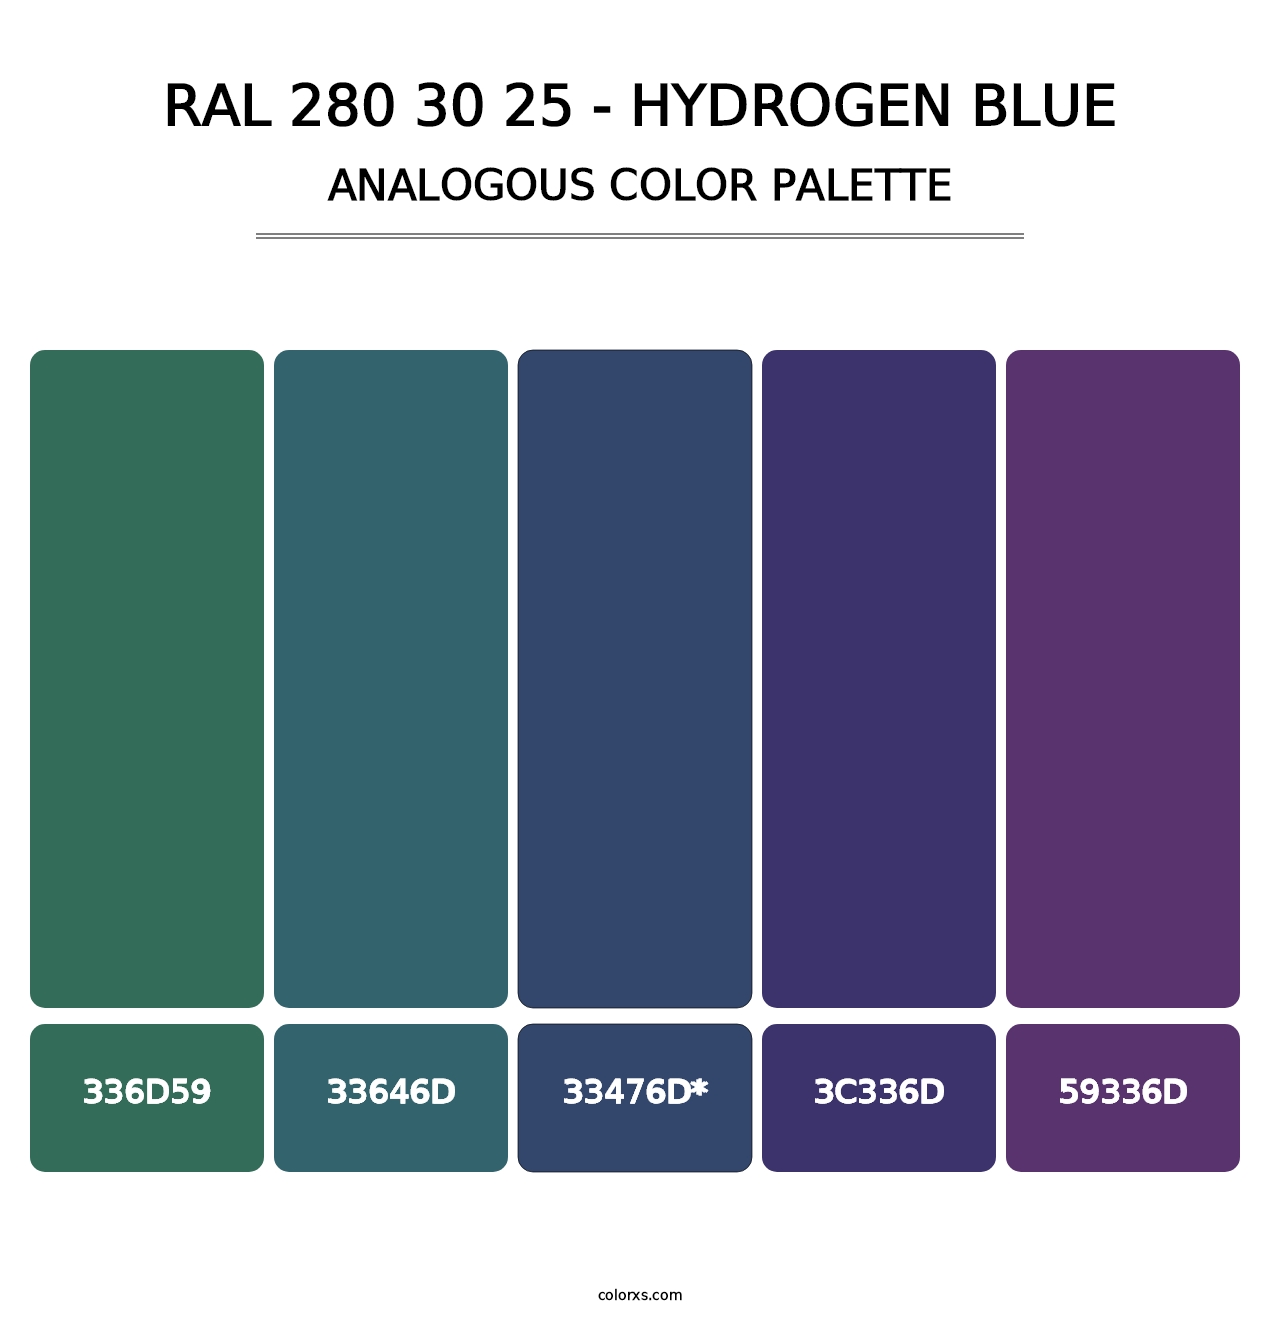 RAL 280 30 25 - Hydrogen Blue - Analogous Color Palette
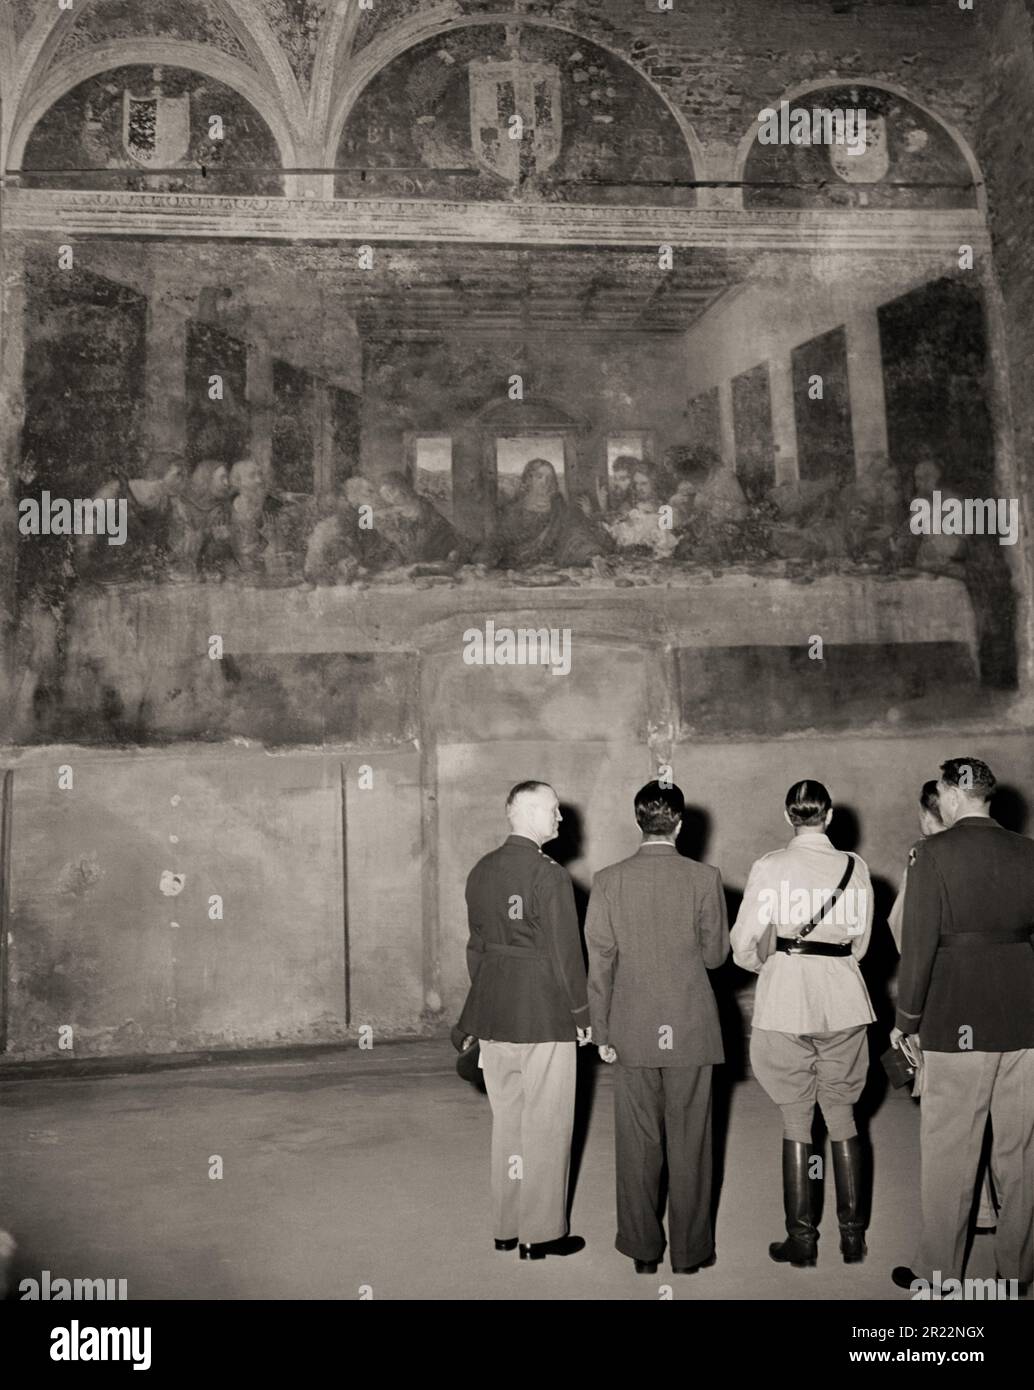 1945 , 25 . juni , MAILAND , ITALIEN : an den letzten Tagen des Zweiten Weltkriegs . Amerikanische und britische Offiziere sehen LEONARDO Da VINCIS Meisterwerk "das letzte Abendmahl " ( L'ULTIMA CENA ) in der Kirche Santa Maria delle Grazie in Mailand . Vom Krieg verschont und unbeschädigt. Wie durch ein Wunder überlebte man einen Bombenanschlag der Alliierten (nur die Mauer mit dem Fresko blieb in den Trümmern unversehrt, während das gesamte Kloster der Madonna delle Grazie zu Boden gerissen wurde). Leonardo da Vincis berühmtes Fresko wird vom britischen Feldmarschall Sir HAROLD R.L.G. bewundert ALEXANDER ( trägt Sam Browne Gürtel - Rupert Leofric George, 189 Stockfoto
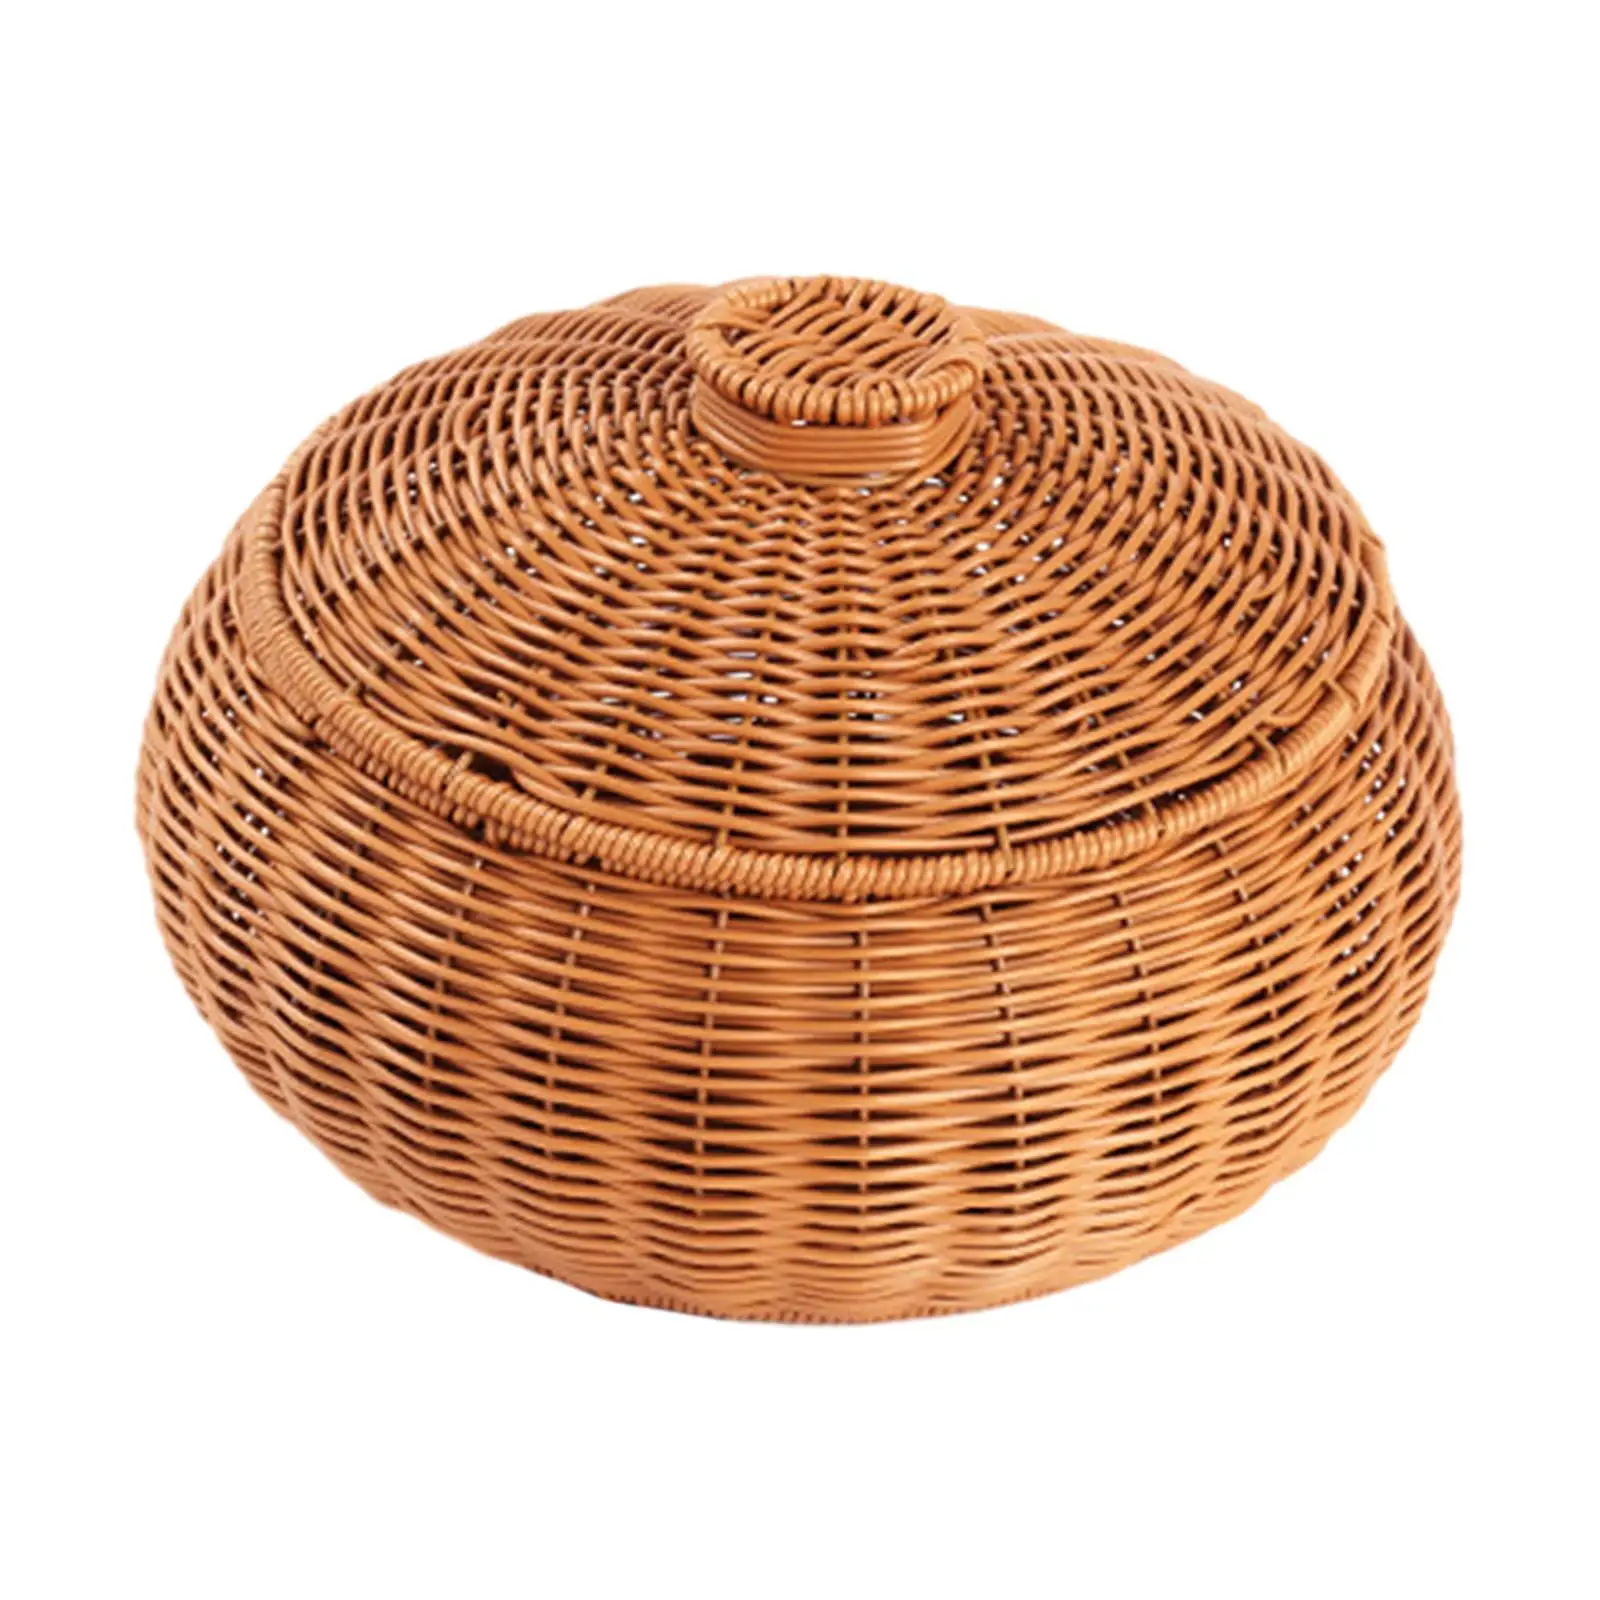 Hand Woven Basket Desk Clutter Organization Crafts Food Storage Basket for Restaurant Bedroom Home Living Room Shelves
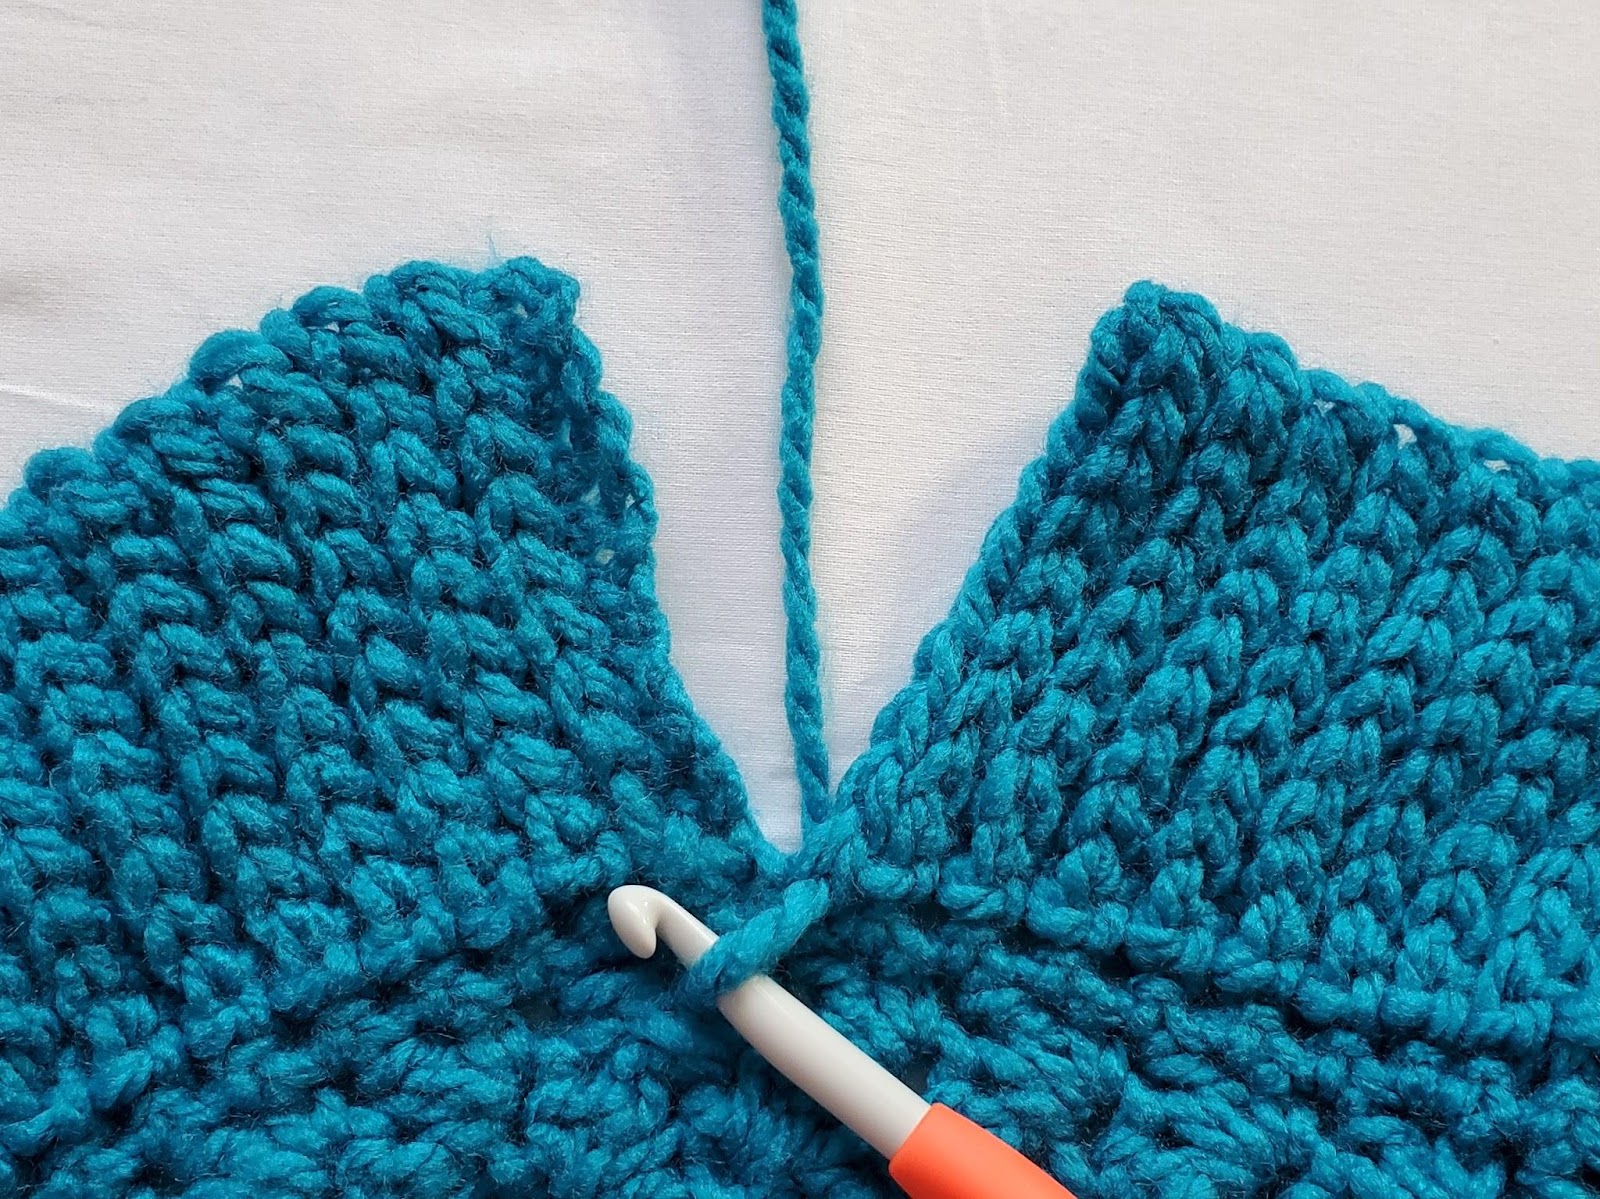 The Dead of Winter Capelet - Free Crochet Pattern

Exercise prompt: All of the data above must be printed exactly, minus its pictures.

Task output:
 RAL 280 30 25 - Hydrogen Blue - Analogous Color Palette
 1945 , 25 . juni , MAILAND , ITALIEN : an den letzten Tagen des Zweiten Weltkriegs . Amerikanische und britische Offiziere sehen LEONARDO Da VINCIS Meisterwerk "das letzte Abendmahl " ( L'ULTIMA CENA ) in der Kirche Santa Maria delle Grazie in Mailand . Vom Krieg verschont und unbeschädigt. Wie durch ein Wunder überlebte man einen Bombenanschlag der Alliierten (nur die Mauer mit dem Fresko blieb in den Trümmern unversehrt, während das gesamte Kloster der Madonna delle Grazie zu Boden gerissen wurde). Leonardo da Vincis berühmtes Fresko wird vom britischen Feldmarschall Sir HAROLD R.L.G. bewundert ALEXANDER ( trägt Sam Browne Gürtel - Rupert Leofric George, 189 Stockfoto
 Hand Woven Basket Desk Clutter Organization Crafts Food Storage Basket for Restaurant Bedroom Home Living Room Shelves
 The Dead of Winter Capelet - Free Crochet Pattern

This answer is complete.